In response to the Army being hard on relationships: This is point where I think Donald has a valid argument. The Army is indeed rough on relationships. How could anyone think it would be easy to have your husband or boyfriend (or wife/girlfriend) taken from you at the whim of the military? It would be foolish to dispute this. I do not pretend to think it will be easy. I am no fool, and I am not blind.
There will be many lonely nights, many mornings spent biting my nails as I watch the news, and many painful afternoons when I'd like nothing better than to hear his voice. ...yet that is not enough to scare me away from Kyle. Had that been enough I would have left him before or during the 5 1/2 months we just spent apart.
I've had a taste of the bitter loneliness I'm facing, and I know I am strong enough to handle it.

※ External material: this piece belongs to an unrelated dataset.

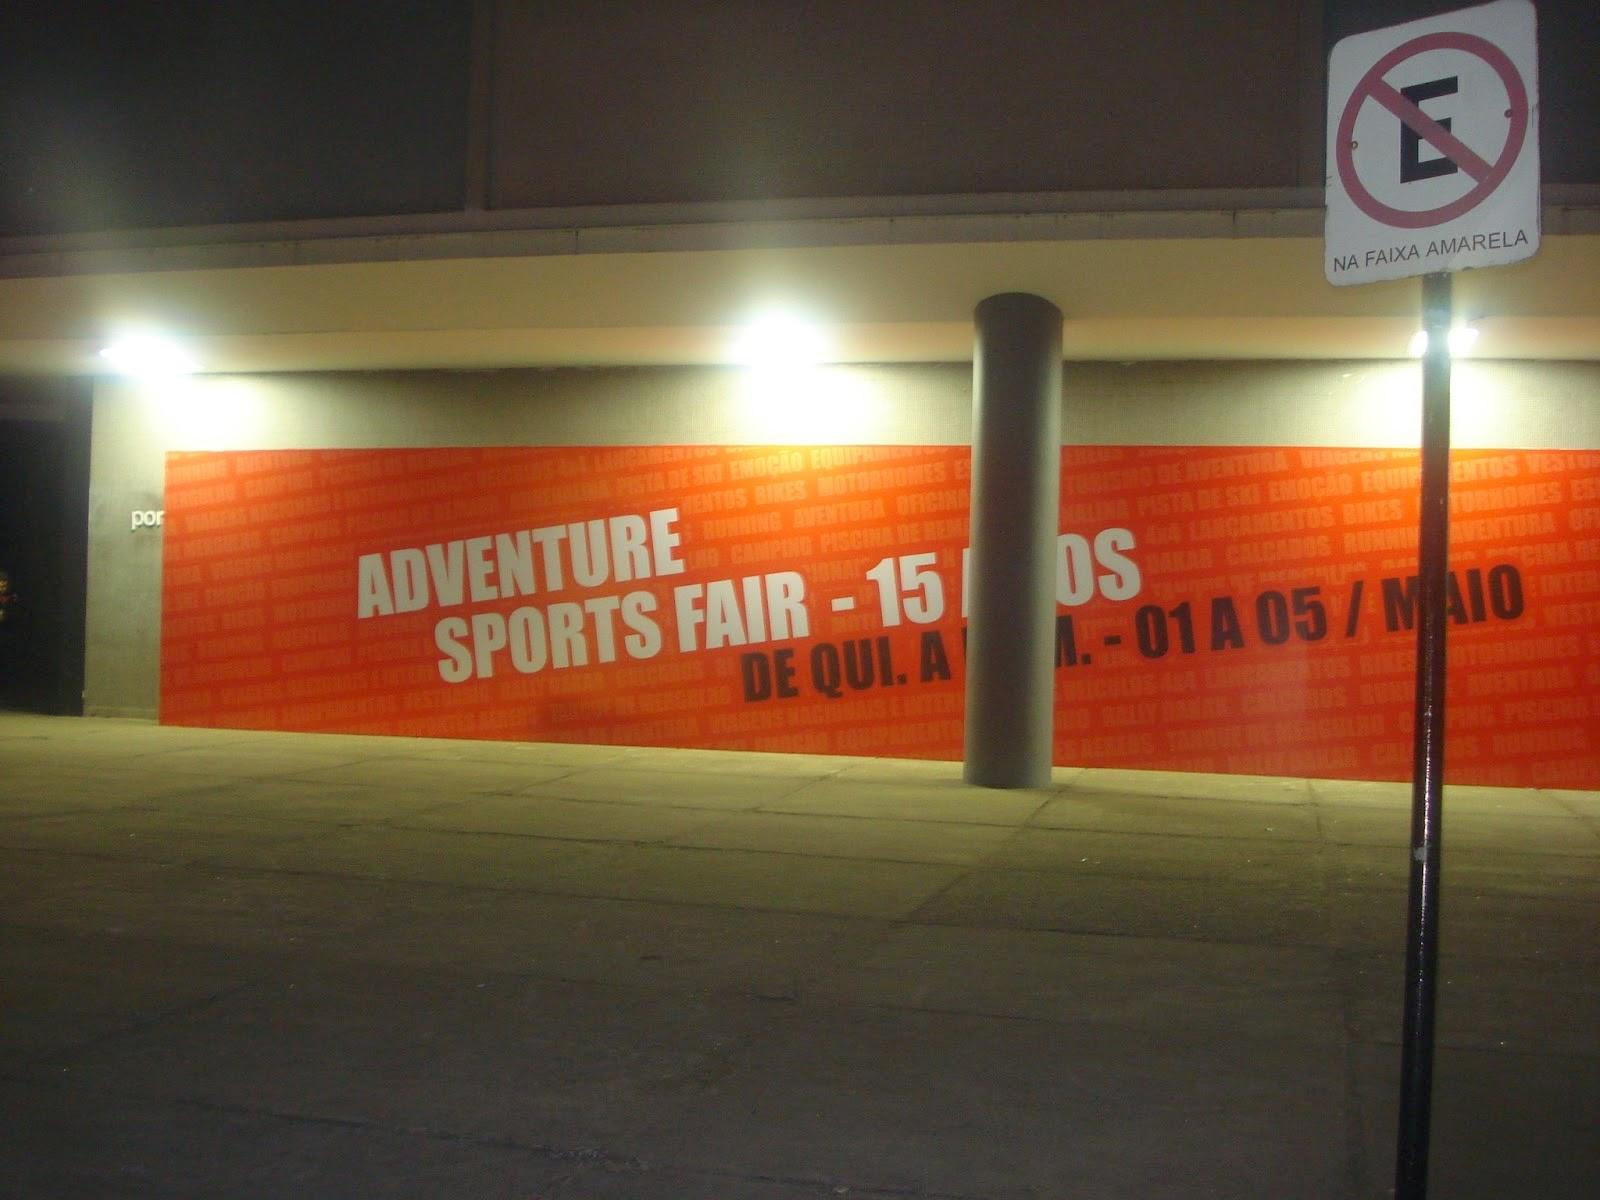 Ramp in Box na Adventure Sports Fair Skate no Ibirapuera SP 7

Kyle, obviously, thinks the same of himself, or he wouldn't have proposed in the first place. He is, as I have stated, one of the most honorable people I know. I trust him to be honest and open with me, and not to toy with my emotions. He's a much better man than that.
And so, Mr. Miller, if you're reading this, I appreciate your warning. I thank you for wishing us luck at the end of that comment. But mostly I hope you will realize that you have underestimated Kyle and I. We are not, by any means, the typical teenage couple. We've both come from circumstances that forced us to realize the magnitude and seriousness of life decisions such as these. We do not make them lightly.
Now, dear readers, I will jump off of my soap box and put it away for another day. :)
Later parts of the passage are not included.